I called him up again.

“Conrad, don’t hang up again,” I said first thing.

He said, “Yes, honey,” rather softly, and then directly into my ear, “Jack, dammit, I thought I made clear that I wasn’t a, l, o, n, e.”

“Yours can’t spell either?”

“Huh?”

“Never mind. Listen, Conrad, it’ll only take a minute.”

“All right,” he said. “What the hell. But don’t ever do this again.”

“I won’t. I just talked to Herbie and…”

“This hour?”

“He wasn’t asleep either. Nor a, 1, o, n, e.”

“Gee,” said Conrad, “I didn’t know he was married.”

“You listening?”

“Yes.”

“He said he didn’t pick up the mixer yesterday.”

“I know. It cuts our schedule to pieces but it wasn’t really promised for yesterday. More like today. Noon, maybe.”

“That’s too late, Conrad. You got to get it out of there before then.”

Conrad mumbled something and then he said, “You sound very anxious. Something wrong?”

“Yes.”

“I warned you,” he said. “Don’t tell me the details, but I warned you.”
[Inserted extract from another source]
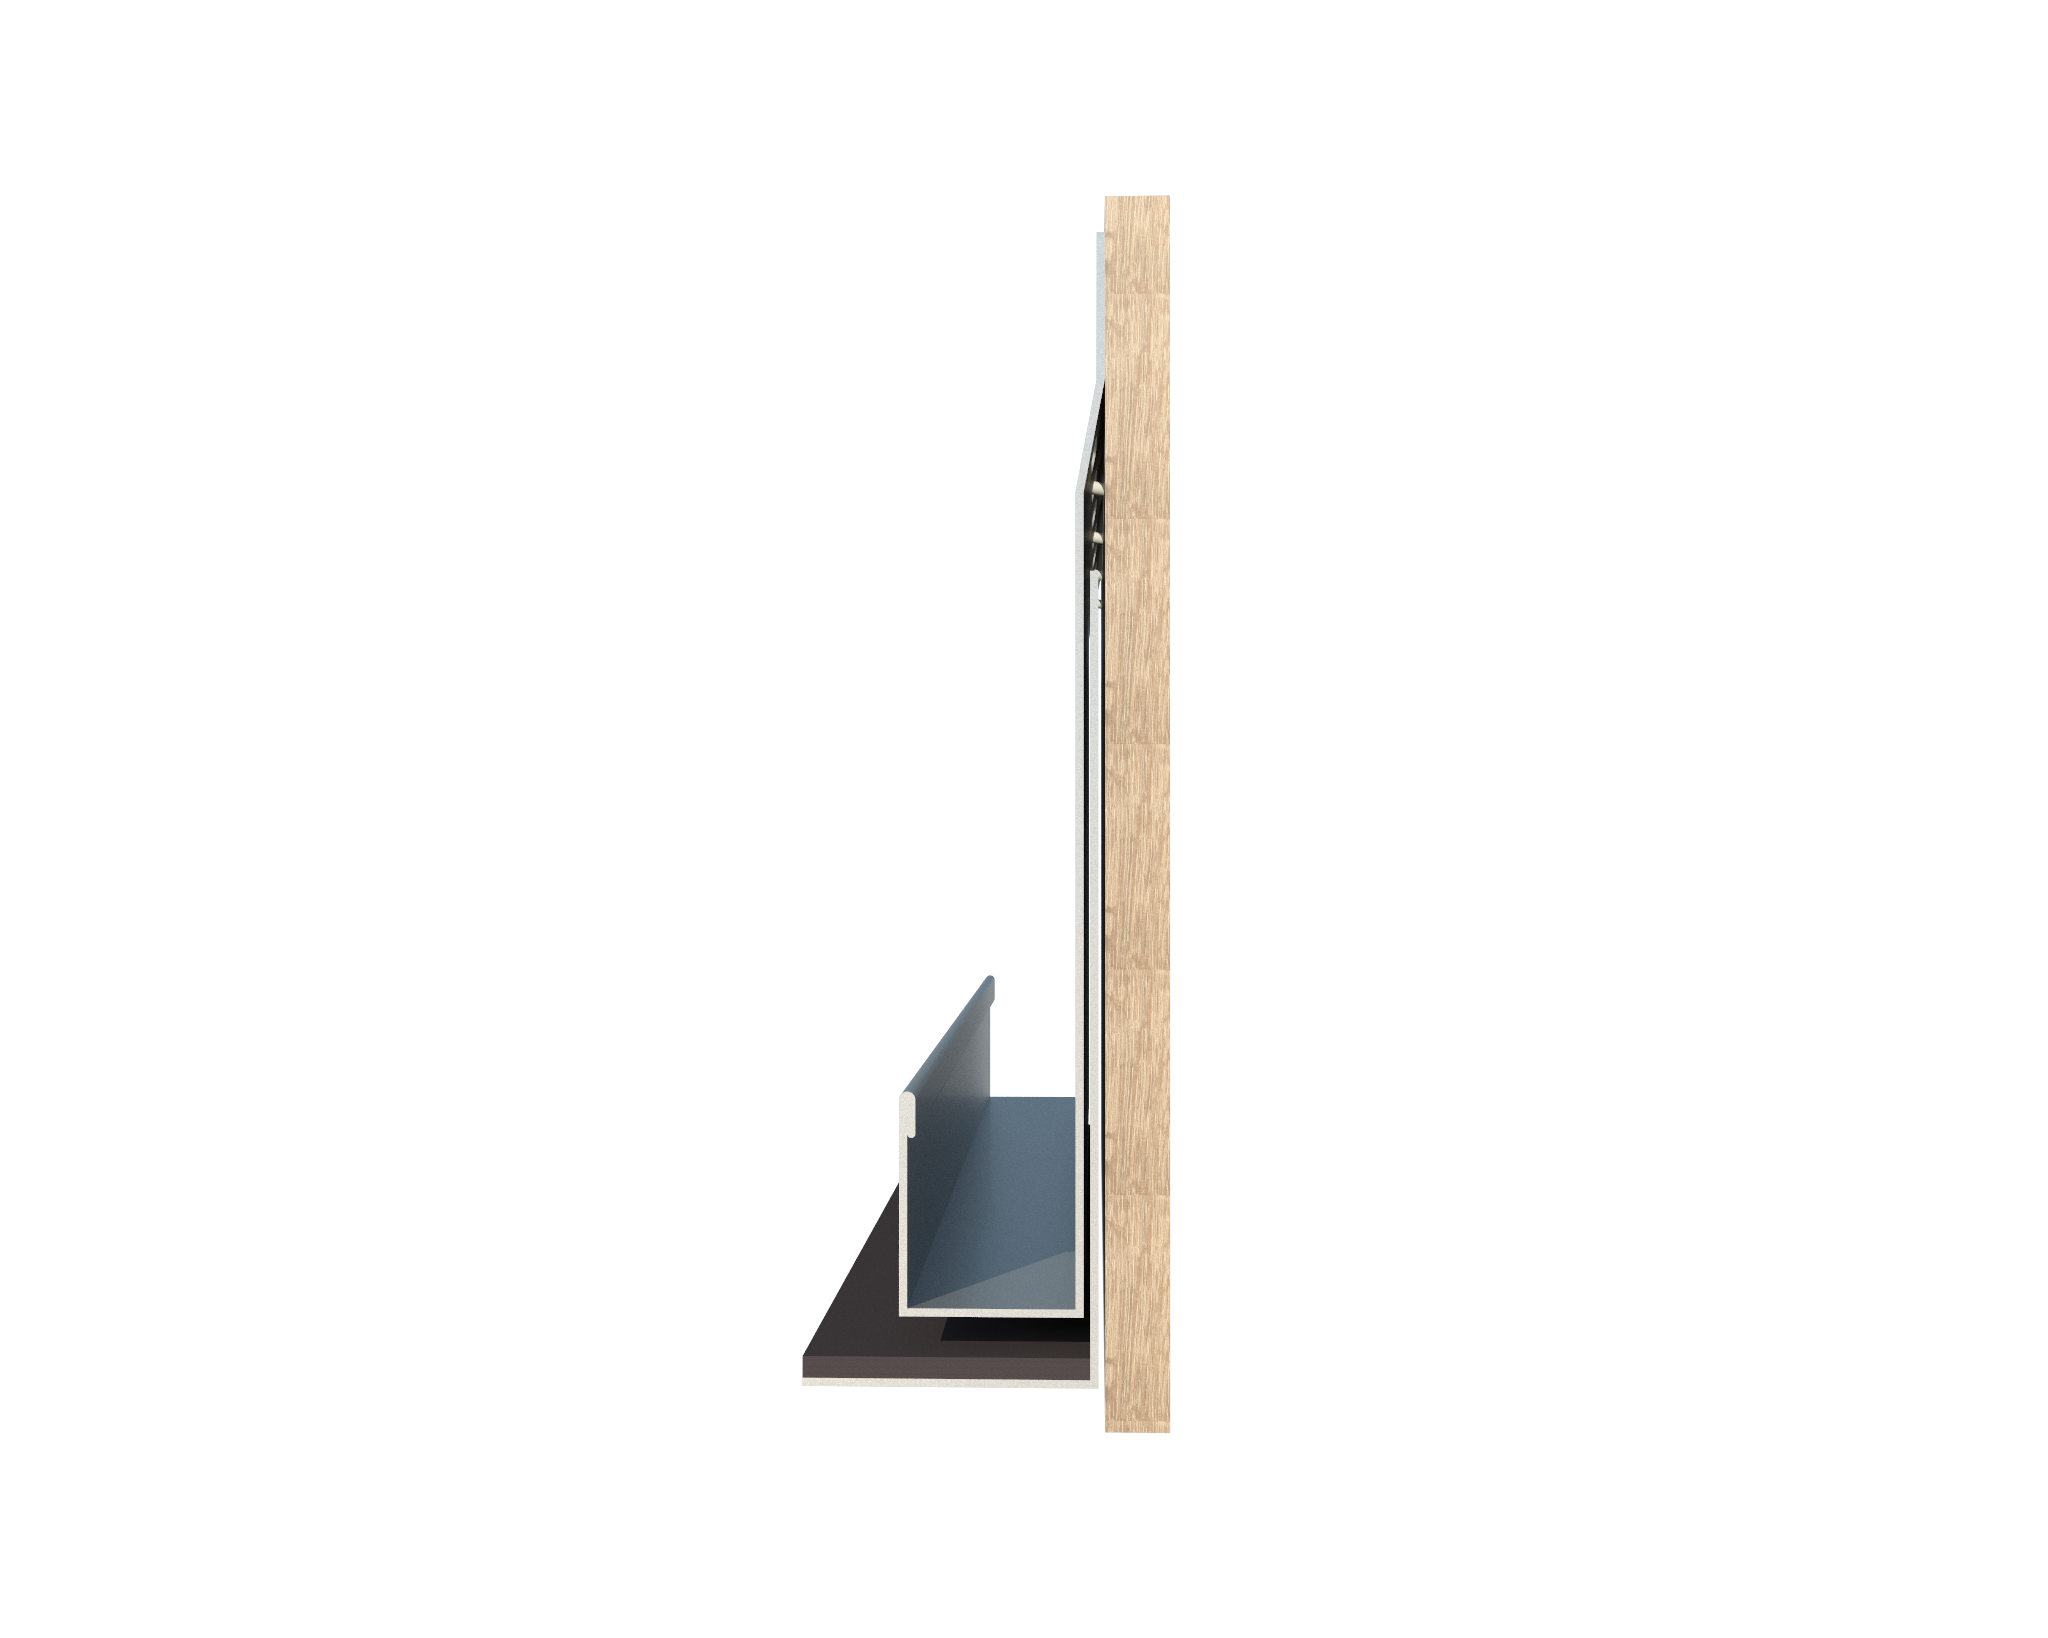 The Universal Step Flashing Channel eliminates these problems by installing the nail above the step-flashing

Conrad, who ran Blue Beat for me, was the only one who knew that I owned the recording studio and the pressing plant on the first floor. I was in and out of the studio, but the rest of the crew, like Herbie the driver, only knew that I sometimes brought talent over. It explained why I showed up in the place, why I was interested in getting the mixer back, because without that machine there could be no sessions.

Conrad, of course, knew much more. I said, “I want you to call that guy for me, Conrad. The one who’s working on the mixer. And tell him to get it in shape extra early. If he can’t finish it, he should at least tie up the guts, get the thing out of that shop before regular starting time in the morning.”

“Morning? You mean this morning?”

“They open at eight,” I said. “This morning.”

“Jack. Think of the time we lose if he does that. He won’t be finished.”

“Don’t ask why, Conrad, just get it out.”

He didn’t ask why and just said, “Oh.” Conrad, who knew of my double life, did not approve of me with Lippit But he would get the machine out, he said.

The mixer was in the Hough and Daly building. In Benotti’s shop.

Not everybody can repair something complex like a mixer. The man whom we had to pick for the job was very good but he was also working on repairs for Benotti. It had not been important at the time, but it was now.